Daniel Arndt - Interdisciplinary Center for Scientific Computing
Daniel Arndt


Dr. Daniel Arndt
Interdisciplinary Center for Scientific Computing (IWR)
Im Neuenheimer Feld 205
Room 1.412
69120 Heidelberg
Tel: +49 (0)6221-54 14538
E-Mail http://www.mathsim.eu/~darndt

Blockkurs deal.II

Lecturer Daniel Arndt
Class data: LSF
Date 10.10.2016-14.10.2016 09:00-16:00
Room Mathematikon (INF 205), PC-Pool SW 1


deal.II is a free, open source library to solve partial differential equations using the finite element method. The aim of this course is to provide an introduction into this framework. After this course, students should be able to implement suitably easy problems in deal.II.

The course will take place in the PC-Pool SW 1 with a preinstalled deal.II version. Since you will need your own installation for your final project, it is recommended to install deal.II on your own notebook. For using amandus, you will need to use a developer version. Instructions for installing can be found here. Files used in the course can be found here.

Target group

Students of mathematics (BSc and MSc) as well as students of scientific computing (MSc).
The seminar is in particular recommended for those students simultaneously taking the seminar Seminar Numerical Methods for Parabolic Problems and Eigenvalue Problems. It is possible to use the implementation for a talk in this seminar as final project.

Prior Knowledge

Basic knowledge of FEM and C++ is required.


The number of participants is limited to 25 students. Please register via e-mail containing subject of study, semester and academic degree. Preferrably, also state subjects of interest for the course and a problem you want to solve using deal.II.

For the successful completion of the final project (project summary, short presentation) 6 CP are awarded.
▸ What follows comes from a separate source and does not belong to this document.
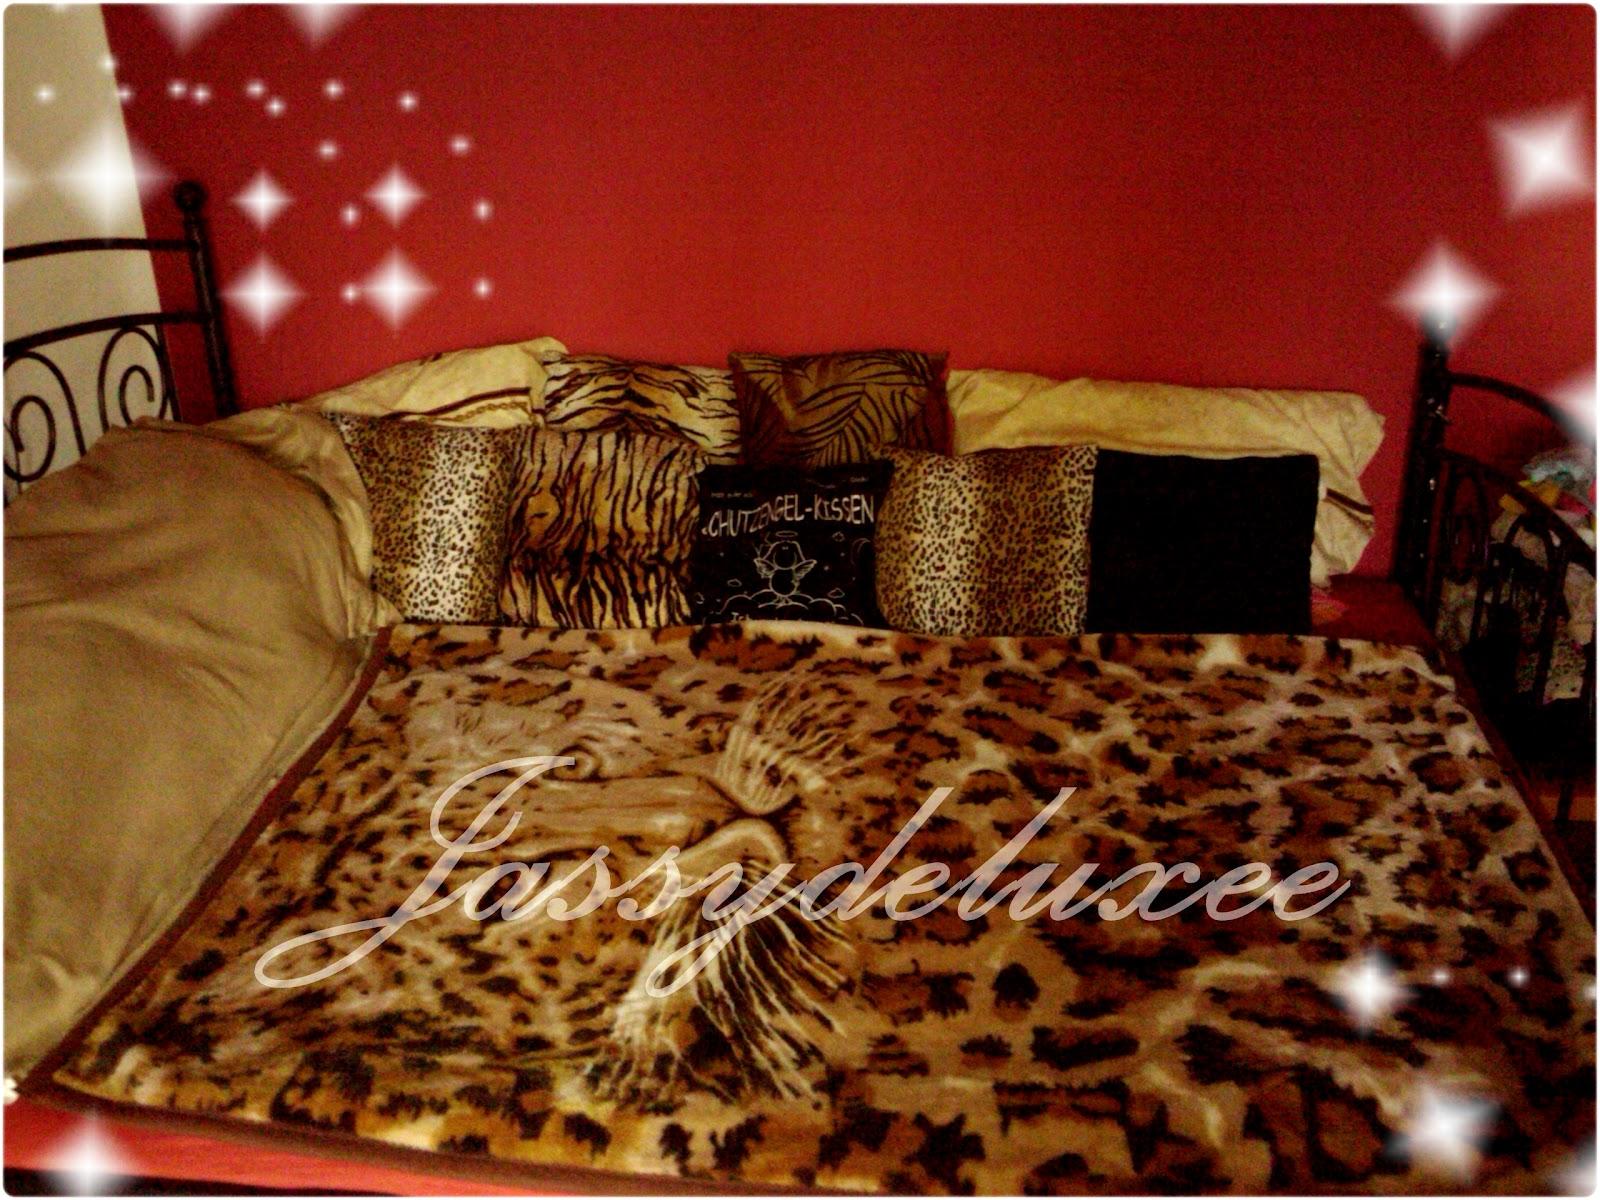 jassydeluxee zimmer aufr umen. Black Bedroom Furniture Sets. Home Design Ideas

We will loosely follow the outline
  1. Short introduction to FEM and deal.II
  2. Creating and refining meshes. Setting up finite element spaces.
  3. A first Poisson solver
  4. A multilevel Poisson solver with discontinuous Galerkin methods
  5. Amandus
  6. Mixed finite elements
  7. Time-dependent problems
  8. Eigenvalue problems
  9. Exploring error estimation and adaptive refinement
  10. Parallelization (MPI)

Project Summary

  • The project summary has to be written using doxygen or LaTeX.
  • Code has to be suitably commented.